I seem to be the only person in the team not particularly bothered about surfing. I made a short visit to an internet cafe to post this, and otherwise my phone has remained buried in my pack. I have no one at home I need to keep in touch with, and for me an expedition is a good opportunity to get away from it all for a few weeks.

We flew into Lukla by helicopter on Thursday, a much better travel option than the Twin Otter planes that have a safety record comparable to Evel Knievel’s. This meant we bypassed the crowds queuing to board the fixed wing flights at Kathmandu Airport, and avoided the scary runway at Lukla by gently hovering to a stop beside it.
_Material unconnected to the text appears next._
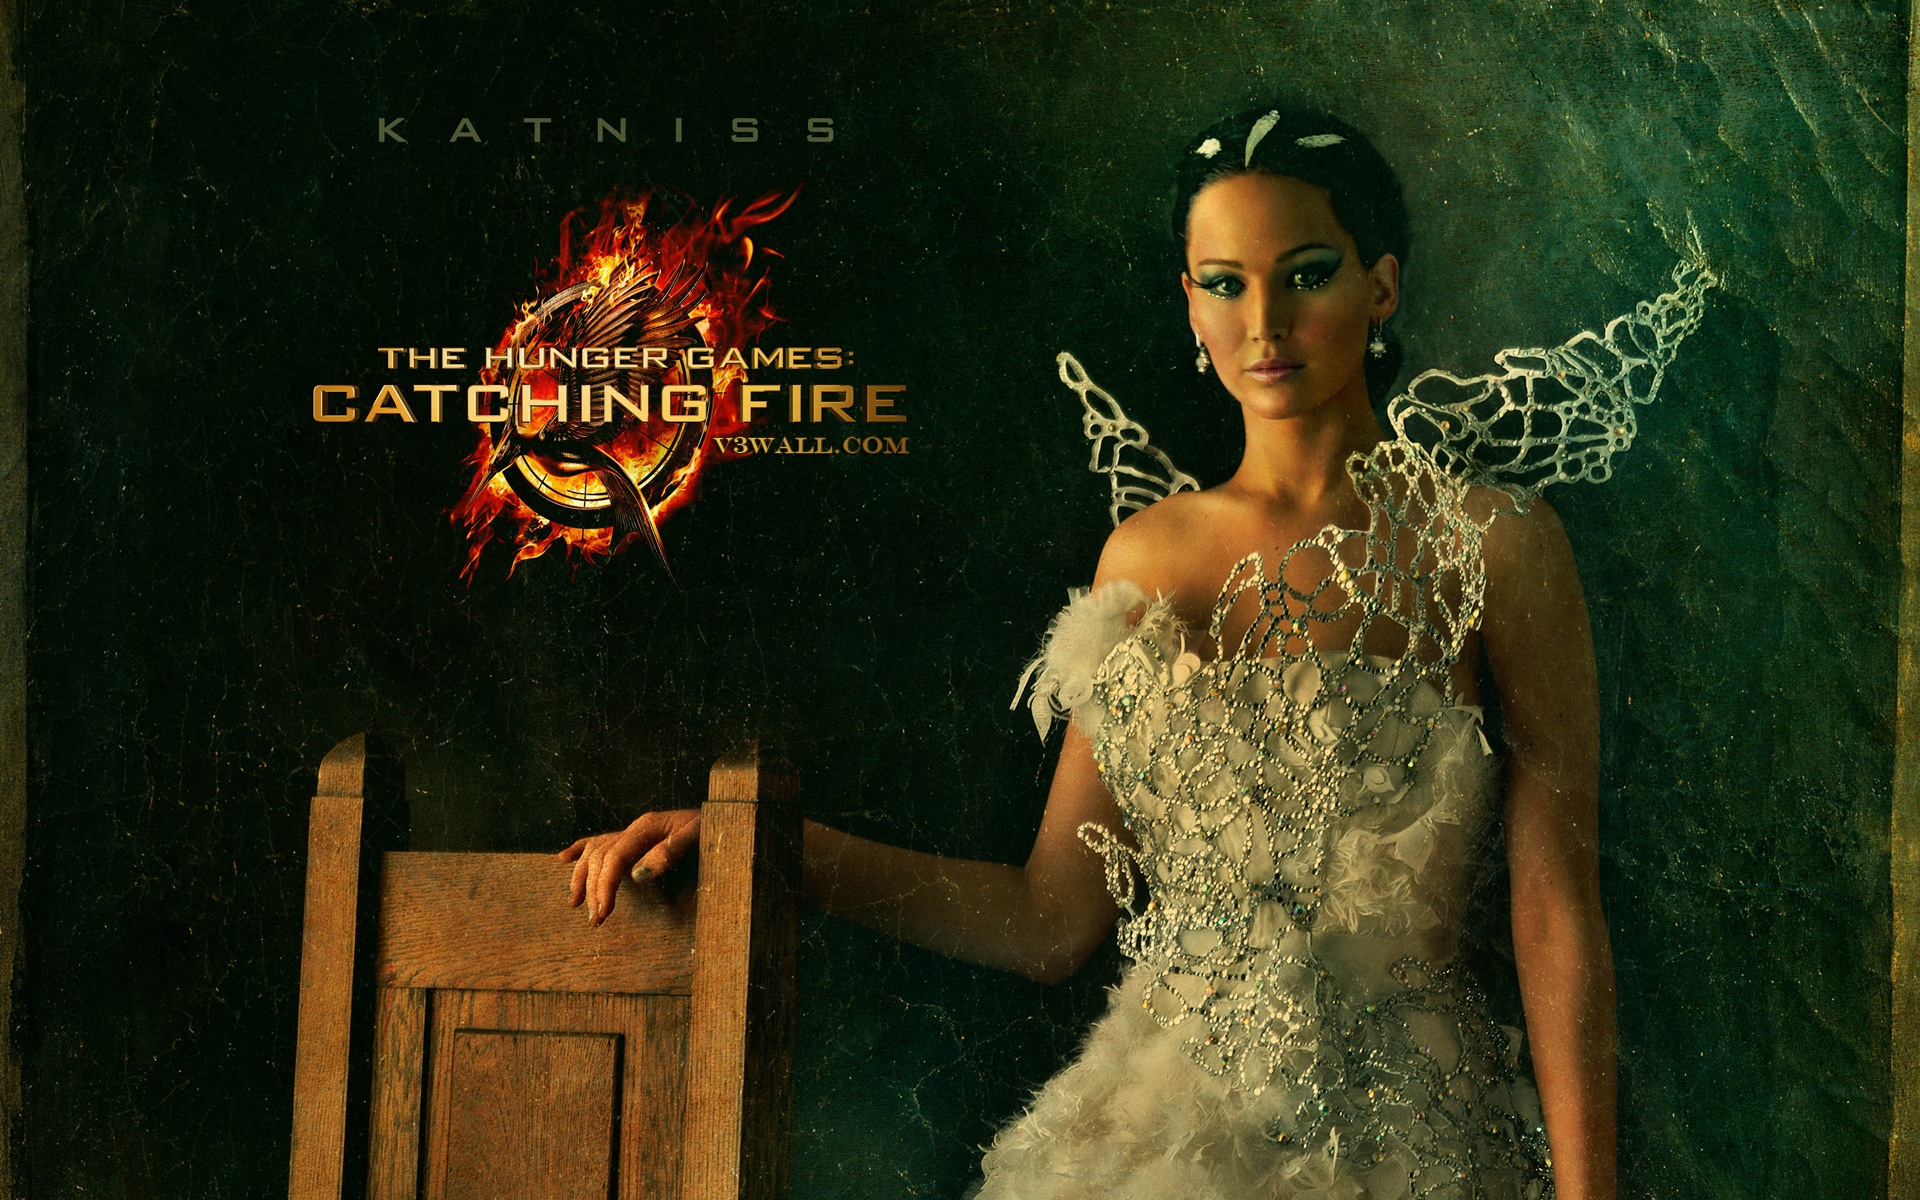 The Hunger Games: Catching Fire HD tapety #13 - 1920x1200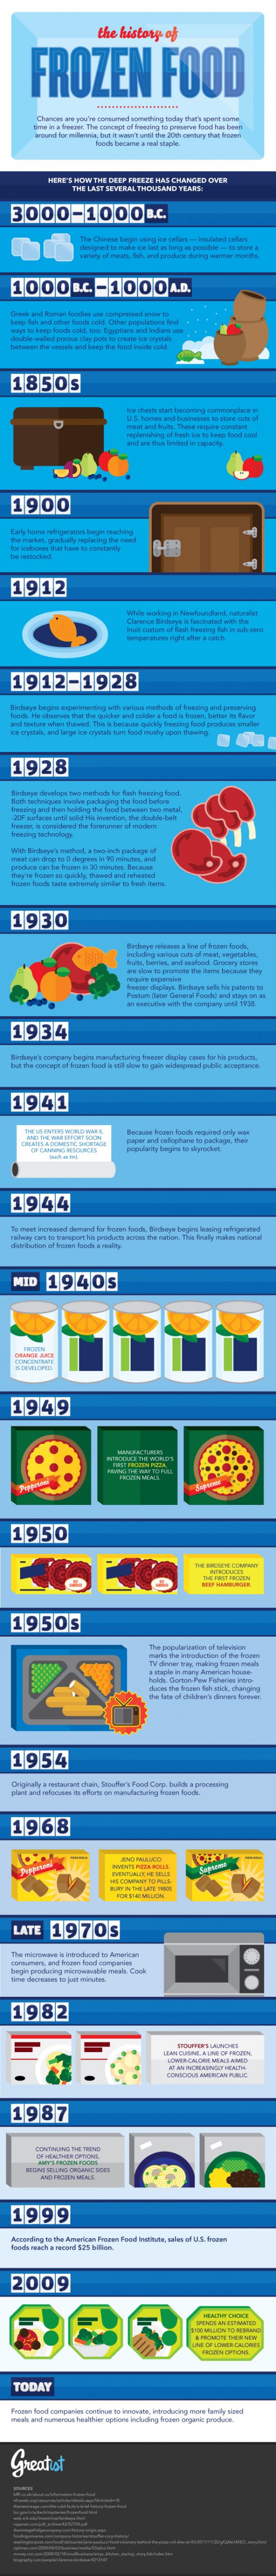 The History of Frozen Food [Infographic]

I shared a chopper with Ian, Margaret and Edita. We are four out of five of the team climbing Lhotse. Expedition leader Phil Crampton has labelled us the “Dream Team” because we have all climbed Everest and have twenty-seven 8000m peak expeditions between us. But with myself and Ian Cartwright in the team, all I can say is, it must be a pretty bad dream – the type you might suffer after seven pints of Guinness and a few shots of tequila.

Margaret is a different matter, though. At sixty-four years old she is making her fifth trip to Everest in as many years. Back home in Perth, Australia, she is known as Supergran. She doesn’t look sixty-four, or a gran, and it certainly confused the officer at the police checkpoint as we approached Namche. I gave him our Lhotse permit to write down our details in his log book, and when he reached Margaret’s age he paused, looked up at her, looked down at his paper, paused again and finally scribbled down forty-six.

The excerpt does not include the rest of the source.